I now claim the morphisms in this subcategory are exactly the composites of morphisms of the form $F(f_1)\otimes F(f_2)\otimes...\otimes F(f_n)$ (wih various parenthesizations) for $f_i$ morphisms in $X$, and appropriate unitors and associators.
It follows that $MF(Y)$ has cardinality bounded by $\kappa_Y$, where $\kappa_Y$ is the smallest infinite cardinal bounding the cardinality of $Y$.
If $\lambda$ is its cardinal, then the isomorphism $\lambda\cong UM(Y)$ of $\lambda$ with the set of morphisms of $MF(Y)$ induces a monoidal category structure on $\lambda$ so that the resulting monoidal category is isomorphic to $MF(Y)$.
Thus the functor $F\colon Y\to X$ factors as $Y\to M\to X$ where $M\to X$ is a monoidal functor, and $UM$ is a cardinal bounded by $\kappa_Y$. Since the set of cardinals bounded by $\kappa_Y$ is a set, and since each set has a set of monoidal structures, and since between any two categories there is a set of functors between them, it follows that for every category $Y$ there is only a set of functors $Y\to M$ where $M$ is a monoidal category with $UM$ a cardinal bounded by $\kappa_Y$.
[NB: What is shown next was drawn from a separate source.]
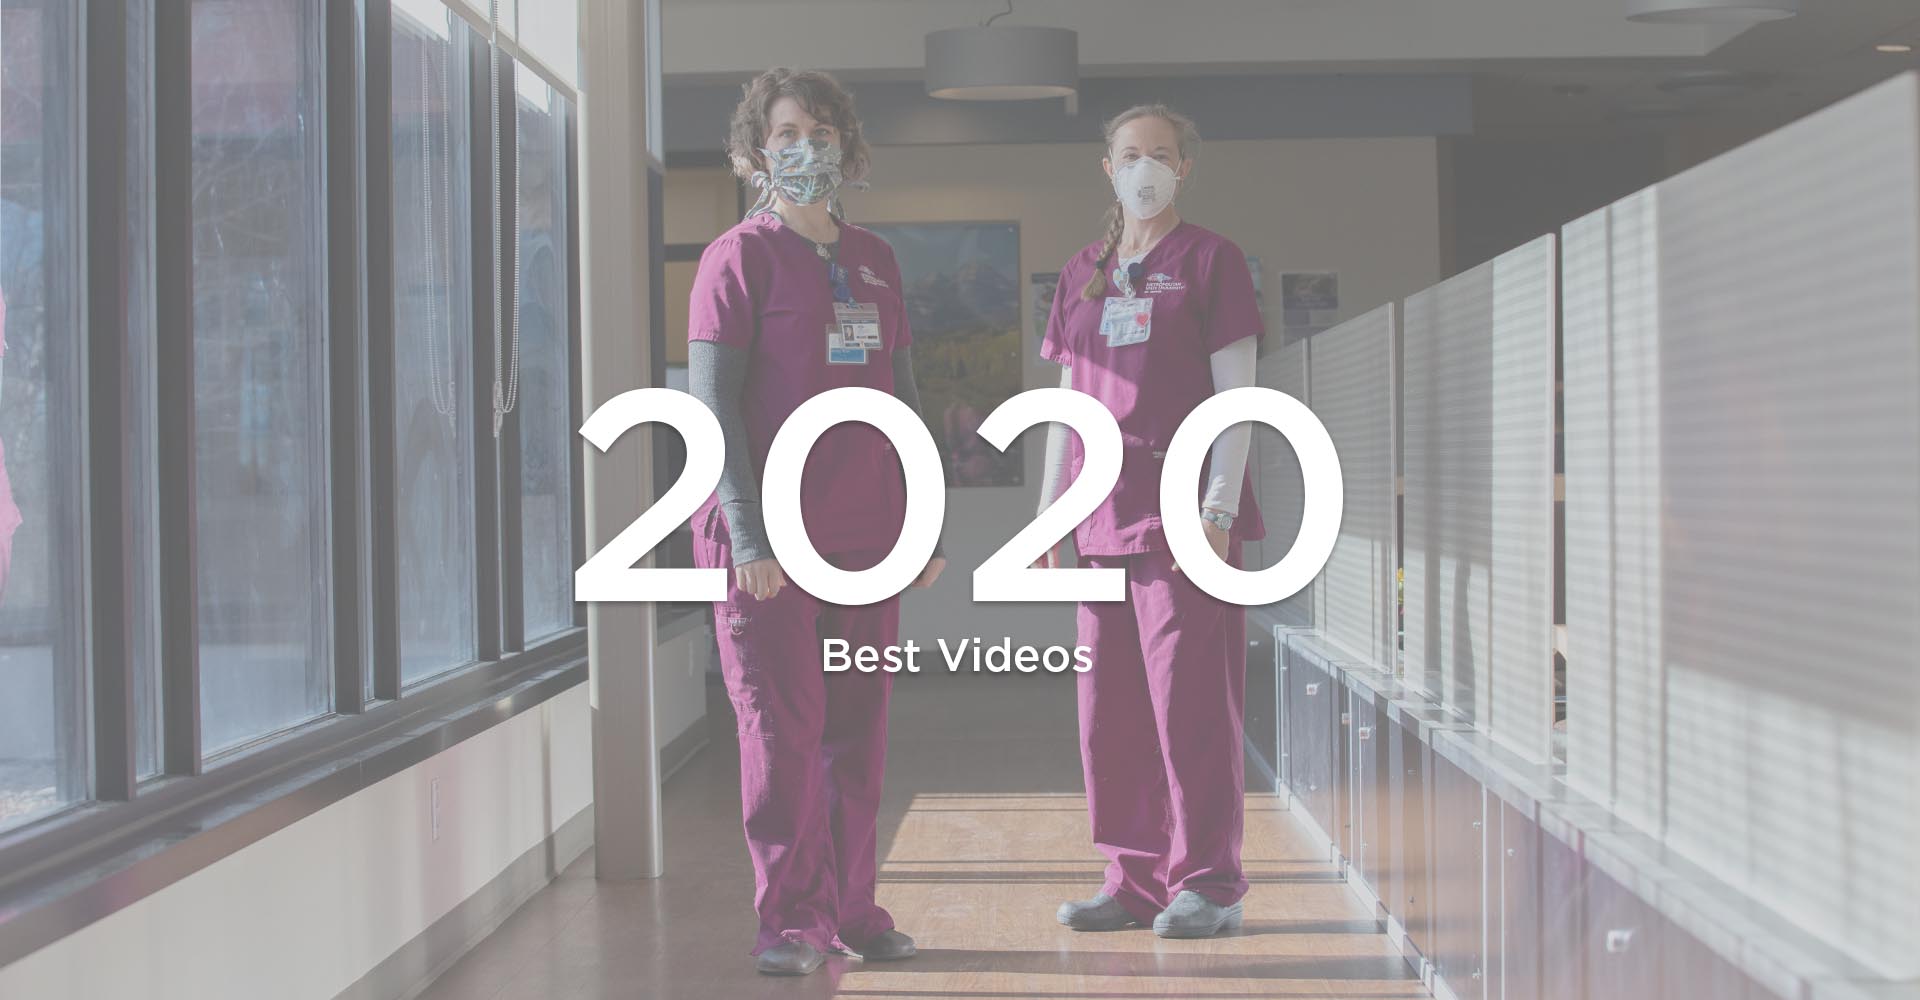 Best RED videos 2020

By the previous discussion, this is a solution set for the forgetful functor from small monoidal categories to small categories: any functor $F\colon Y\to X$ factors as $Y\to M\to X$ where $M\to X$ is a monoidal functor with $UM$ a cardinal bounded by $\kappa_Y$.
Best Answer
Limits of (commutative) monoids can simply by constructed with pointwise operations from the underlying limits of sets. This shows immediately that $\mathbf{CMon}$ is complete and that $U$ is continuous. To show the solution set condition, let $M$ be a commutative monoid and let $f : S \to U(M)$ be a map. Consider the submonoid $M'$ of $M$ generated by the image of $f$. Explicitly, $M'$ consists of all $\mathbb{N}$-linear combinations of elements of the form $f(s)$, where $s \in S$. The next step is to bound the size of the underlying set of $M'$. This is usually done with cardinal numbers, but actually one does not need cardinal numbers at all for this argument. Notice that there is a surjective map*
$\coprod_{n \in \mathbb{N}} (\mathbb{N} \times S)^n \to U(M').$
which maps $((m_1,s_1)),\dotsc,(m_n,s_n))$ to $m_1 f(s_1) + \cdots + m_n f(s_n)$. It follows that $U(M')$ is isomorphic to a subset of the set $T := \coprod_{n \in \mathbb{N}} (\mathbb{N} \times S)^n$ (which only depends on $S$). By structure transport, it follows that $M'$ is isomorphic to a monoid whose underlying set is a subset of $T$. But there is only a set of such monoids. Therefore, a solution set consists of those monoids whose underlying set is a subset of $T$.
By the way, a similar argument shows that for every finitary algebraic category $\mathcal{C}$ the forgetful functor $\mathcal{C} \to \mathbf{Set}$ has a left adjoint. In fact, it is even monadic.
For commutative monoids, though, the simplest way is just a direction construction: the underlying set of the free commutative monoid on $S$ is the set of functions $S \to \mathbb{N}$ with finite support (these formalize linear combinations with $\mathbb{N}$-coefficients in $S$), and the operation comes from $\mathbb{N}$. For monoids and groups (or lie algebras etc.), direct constructions are not so straight forward anymore and the above method gives a really slick existence proof.
*Alternatively, you can use a surjective map $\coprod_{n \in \mathbb{N}} S^n \to U(M')$.